First, do git clone --bare, then rsync -v -P -e ssh user@host:repo.git . You can use msys under Windows.


Two solutions (or rather workarounds) that come to mind are:

  • Use shallow clone i.e. git clone --depth=1, then deepen this clone using git fetch --depth=N, with increasing N. You can use git fetch --unshallow (since 1.8.0.3) to download all remaining revisions.

  • Ask somebody to bundle up to some tagged release (see git-bundle(1) manpage). The bundle itself is an ordinary file, which you can download any way, via HTTP/FTP with resume support, via BitTorrent, via rsync, etc. The you can create clone from bundle, fix configuration, and do further fetches from official LibreOffice repository.


"Never underestimate the bandwidth of a carrier pigeon and a bundle of SD cards" would be the modern form of this answer. Tar it up, plain old cp -a it, whatever, and mail the damn thing. Find someone willing to take two minutes of their time to drop a thumb drive into an SASE. Find a contact, there, they might even do it for you.


I don't think this is ready yet. There's an old GSoC page that which planned to implement your desired feature. My best bet is, like you suggested download it as a directory. I'm assuming you are able to resume downloads over other protocols.

Restartable Clone

When cloning a large repository (such as KDE, Open Office, Linux kernel) there is currently no way to restart an interrupted clone. It may take considerable time for a user on the end of a small pipe to download the data, and if the clone is interrupted in the middle the user currently needs to start over from the beginning and try again. For some users this may make it impossible to clone a large repository.

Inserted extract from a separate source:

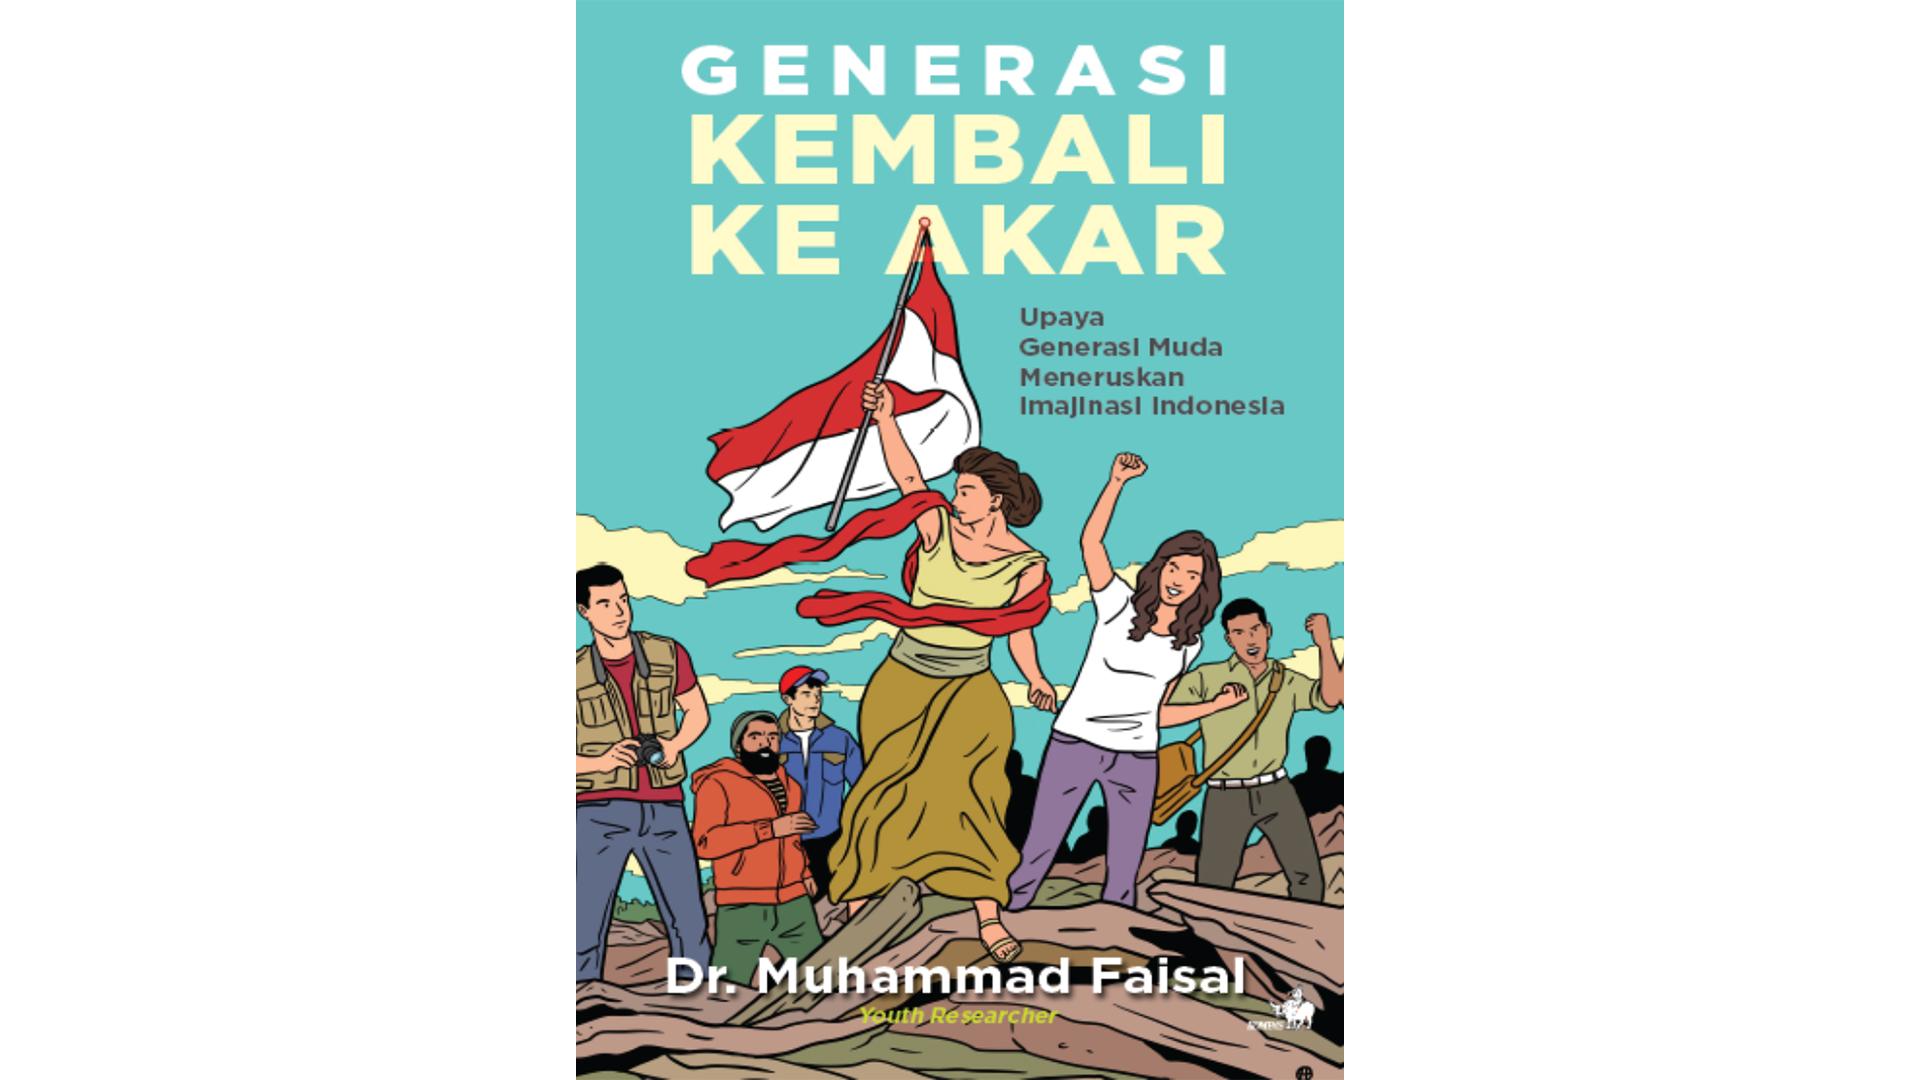 Buku Generasi Kembali ke Akar   Foto: gerai.kompas.id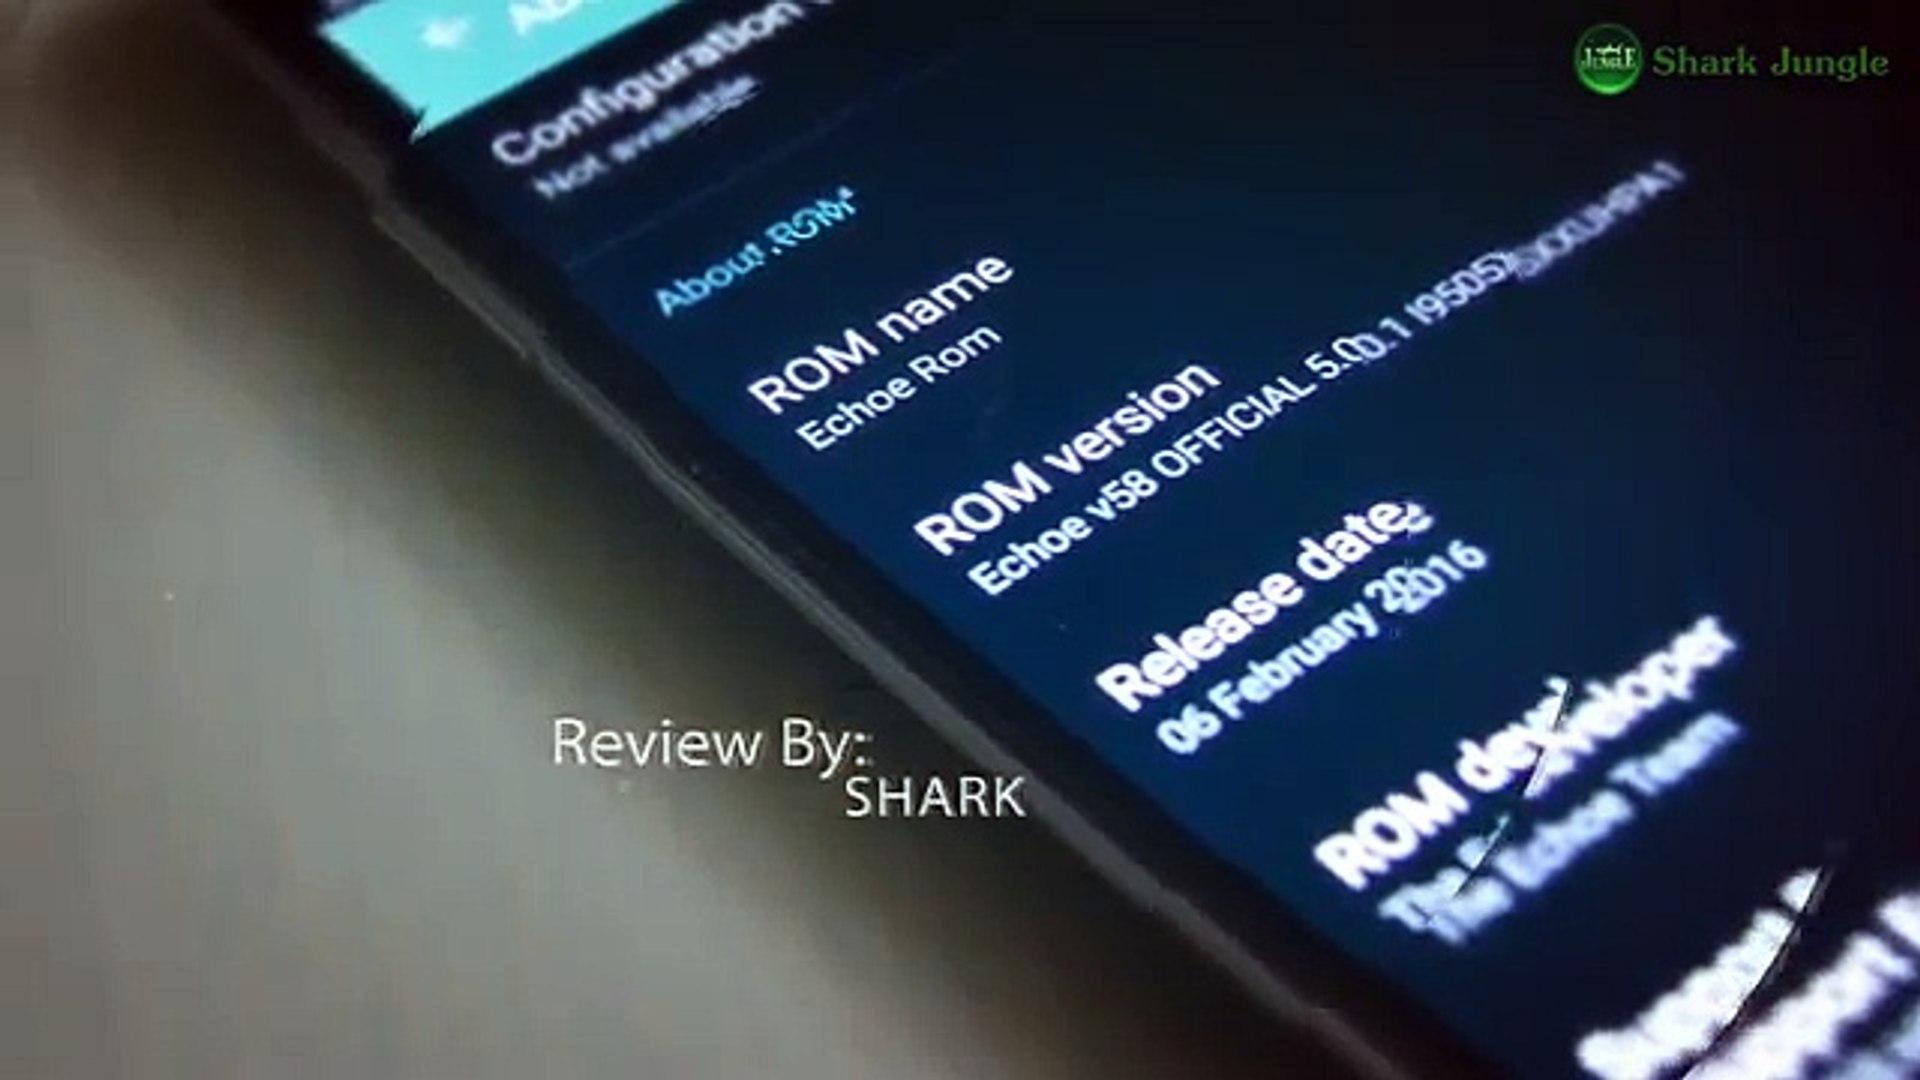 Echoe ROM v58 Samsung Galaxy S4 I9505

Goal: Allow git-clone to automatically resume a previously failed download over the native git:// protocol. Language: C Mentor: Shawn Pearce Suggested by: Shawn Pearce on gmane


Update

Along with the shallow cloning (git clone --depth=1) suggestion in one of the other answers it may be helpful if someone can make a bare repository for you if you can communicate with the provider. You can easily convert the bare repository to a full repository. Also read the comments in that answer as a shallow clone may not always help.